# Where to tap into electrical system - Ram



## CharlieNH (Jan 1, 2005)

Basically I need tap into the fusebox or a line for an ignition controlled circuit on a new Dodge Ram. It's not clear how to get into the unused fuse box circuits, but I'll take any good point of connection that is ignition controlled.

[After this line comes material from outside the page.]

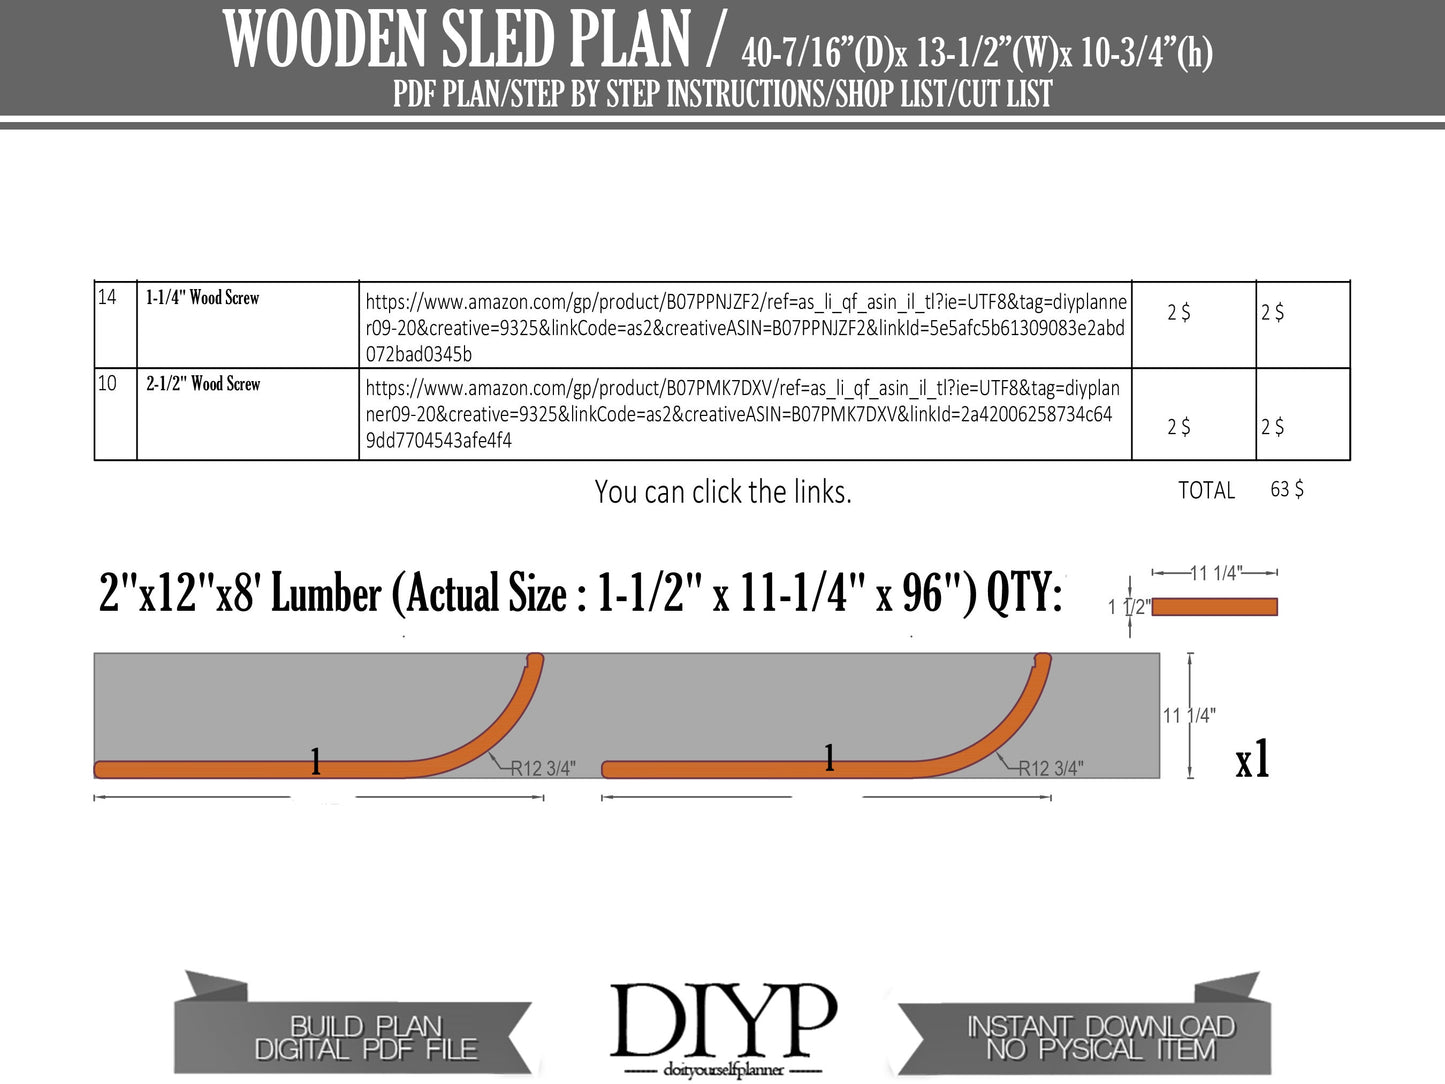 Build plans for DIY wooden sled plan, easy woodworking plans for sleigh

I've moved my Fisher plow over from my 98 to my 05 Ram with Cummins diesel. Everything's wired and I think it will work, but the last thing I need is to connect the controller to an ignition controlled electrical line. The fuses are quite small, and I can't find fusetaps in that size. There must be an easy way to connect at the fusebox, as there are lots of unused circuits. My controller has its own 5 amp inline fuse. Thanks for any help!!


----------



## sixspeed (Oct 22, 2004)

Can I suggest tapping into the cigarrette lighter leads??? Usually a good source for juice...


----------



## Acmemechanic (Aug 27, 2005)

*Need power*



CharlieNH said:


> Basically I need tap into the fusebox or a line for an ignition controlled circuit on a new Dodge Ram. It's not clear how to get into the unused fuse box circuits, but I'll take any good point of connection that is ignition controlled.
> 
> I've moved my Fisher plow over from my 98 to my 05 Ram with Cummins diesel. Everything's wired and I think it will work, but the last thing I need is to connect the controller to an ignition controlled electrical line. The fuses are quite small, and I can't find fusetaps in that size. There must be an easy way to connect at the fusebox, as there are lots of unused circuits. My controller has its own 5 amp inline fuse. Thanks for any help!!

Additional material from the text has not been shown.